Muscle Delay Characterization

Characterizing the Delayed Muscle Response to Electrical Stimulation

Functional electrical stimulation (FES) induced cycling is a common rehabilitative therapy. Closed-loop FES control holds the promise to improve rehabilitation procedures. However, FES results in a delay between the time of stimulation and muscle contraction and rapidly fatigues muscle. The purpose of this study is to measure the FES-induced delay on an FES cycle and to understand how the delay varies as a function of how long the user has been cycling and a function of the crank angle.

Study Overview

• Status: Completed
• Conditions: Neurological Disorders
• Intervention / Treatment: Device: Functional Electrical Stimulation (FES) Control Protocol; Device: Functional Electrical Stimulation (FES) Angle Protocol

Detailed Description

This study will use non-invasive approaches (surface electrodes, encoders, torque meters, motors) to study muscle delay and how muscle fatigues for both individuals possessing movement disorders and healthy individuals. Individuals with movement disorders are often susceptible to partial or total paralysis. This paralysis often leads to an increasingly sedentary lifestyle. By implementing the intelligent closed-loop control of FES-cycling, FES-therapy can be made more effective, combating the effects of sedentary lifestyles. Using data obtained from non-invasive sensors, the study team will apply analytical techniques to quantify FES muscle delay and how well individuals can track a desired cadence as the muscle fatigues. A challenge associated with FES-induced cycling is that there exists a delay between the time when FES is applied and the time when the muscle contracts. There is likewise a delay between the time FES is removed and the time the muscle ceases to contract. Previous studies have measured this delay and determined that it varies with fatigue. A goal of this project is to measure this delay on an FES-cycle and to determine how this delay varies as a result of FES-induced cycling. Another goal is to determine what effect the crank angle has on the delay as well as on the muscle control effectiveness. This study will provide insight into how engineering can be combined with healthcare and therapy to better both fields and bridge the gap between engineering and medicine.

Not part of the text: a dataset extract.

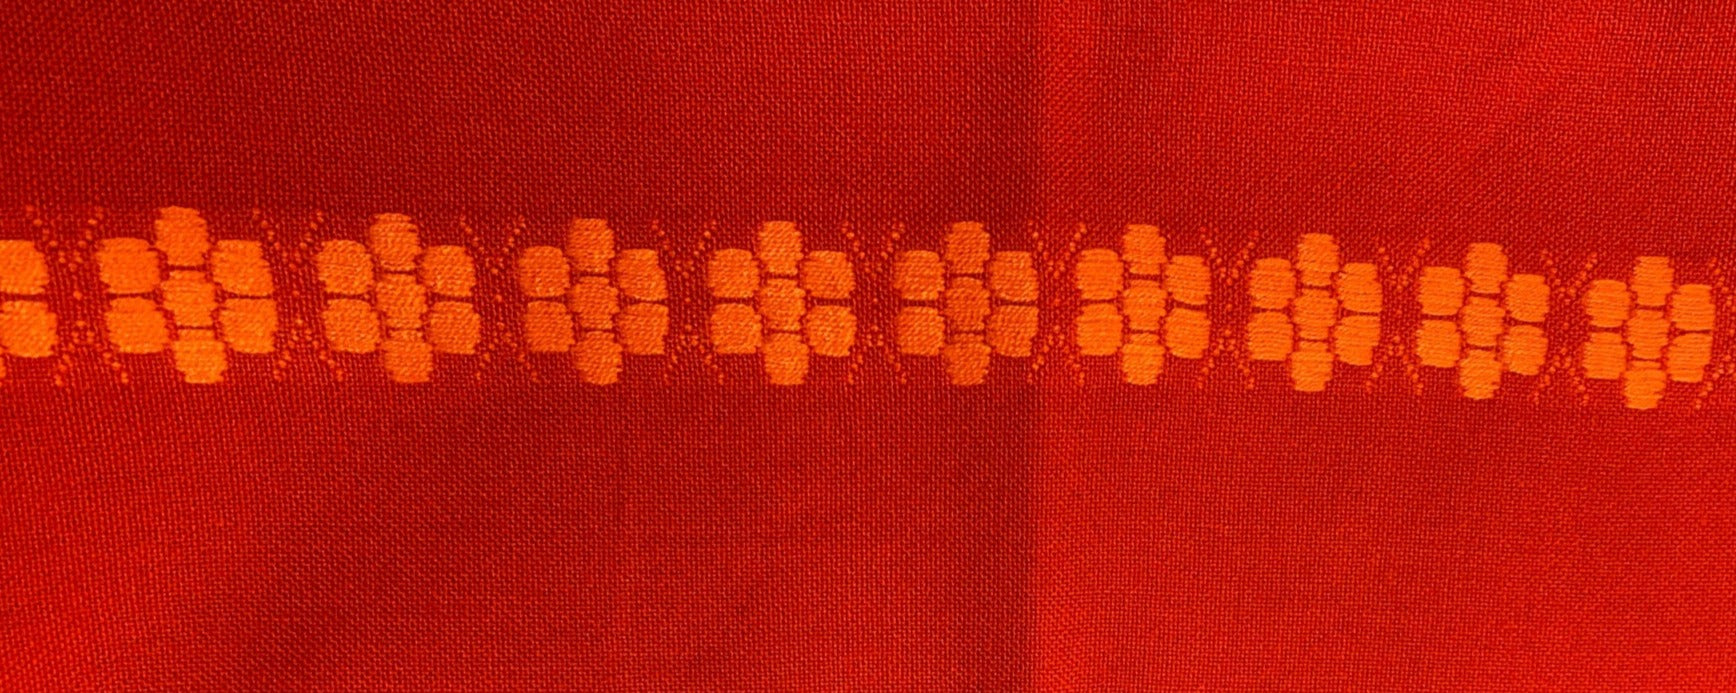 Detail of Fabulous Traditional Red Scandinavian Vintage Handwoven Tablecloth - Cook Street Vintage

• Study Type: Interventional
• Enrollment (Actual): 13
• Phase: Not Applicable

Contacts and Locations

Study Locations

• United States
  • Florida
    • Gainesville, Florida, United States, 32603
      • NCR lab in MAE-B building at the University of Florida

Participation Criteria

Eligibility Criteria

• Ages Eligible for Study: 18 years to 65 years (Adult, Older Adult)
• Accepts Healthy Volunteers: No
• Genders Eligible for Study: All

Description

Inclusion Criteria:

• healthy normal individuals aged 18-65 and individuals with movement disorders (e.g., spinal cord injury, Parkinson's disease, stroke)
• capable to perform the cycling exercises either voluntarily or under controlled electrical stimulation
• all participants have to be medically stable (i.e., do not exhibit asymptomatic osteoporosis, cardiopulmonary disease, pain, or other significant medical complications that would prohibit or interfere with testing or training)
• for neurologically impaired individuals, they should have a single neurologic condition
• under all situations the body size and weight of participant has to be compatible with the testing apparatus to ensure safety at all times

Exclusion Criteria:

• participants who are unresponsive to surface FES are not considered eligible for the study
• a history of significant cardiovascular disorders, chronic arterial diseases or congestive cardiac failure, including being medicated for hypertension and/or have an implanted pacemaker
• have a history of major musculoskeletal problems that limit hip and knee extension such as orthopedic surgery, including ACL reconstruction and/or joint replacements
• participants with denervated muscle, severe osteoporosis or abnormal bone formation in hip/knee joints, bone fractures, acute hernia, severe muscle spasticity, infection in the lower extremities, epilepsy, diabetes, severe angina, pressure ulcers, vein thrombosis, and any ailments causing high fever, high blood pressure or high heart rate
• pregnant women, children/minors, adults with diminished decision-making capacity, and non-English speakers
• under all situations the body size and weight of participant has to be compatible with the testing apparatus to ensure safety at all times

Study Plan

How is the study designed?

Design Details

• Primary Purpose: Supportive Care
• Allocation: N/A
• Interventional Model: Single Group Assignment
• Masking: None (Open Label)

Number of Arms

1

Arms and Interventions

Participant Group / Arm

Intervention / Treatment

Experimental: Healthy Individuals and those with Movement Disorders; Participants will perform the FES cycling protocol along with the FES angle protocol.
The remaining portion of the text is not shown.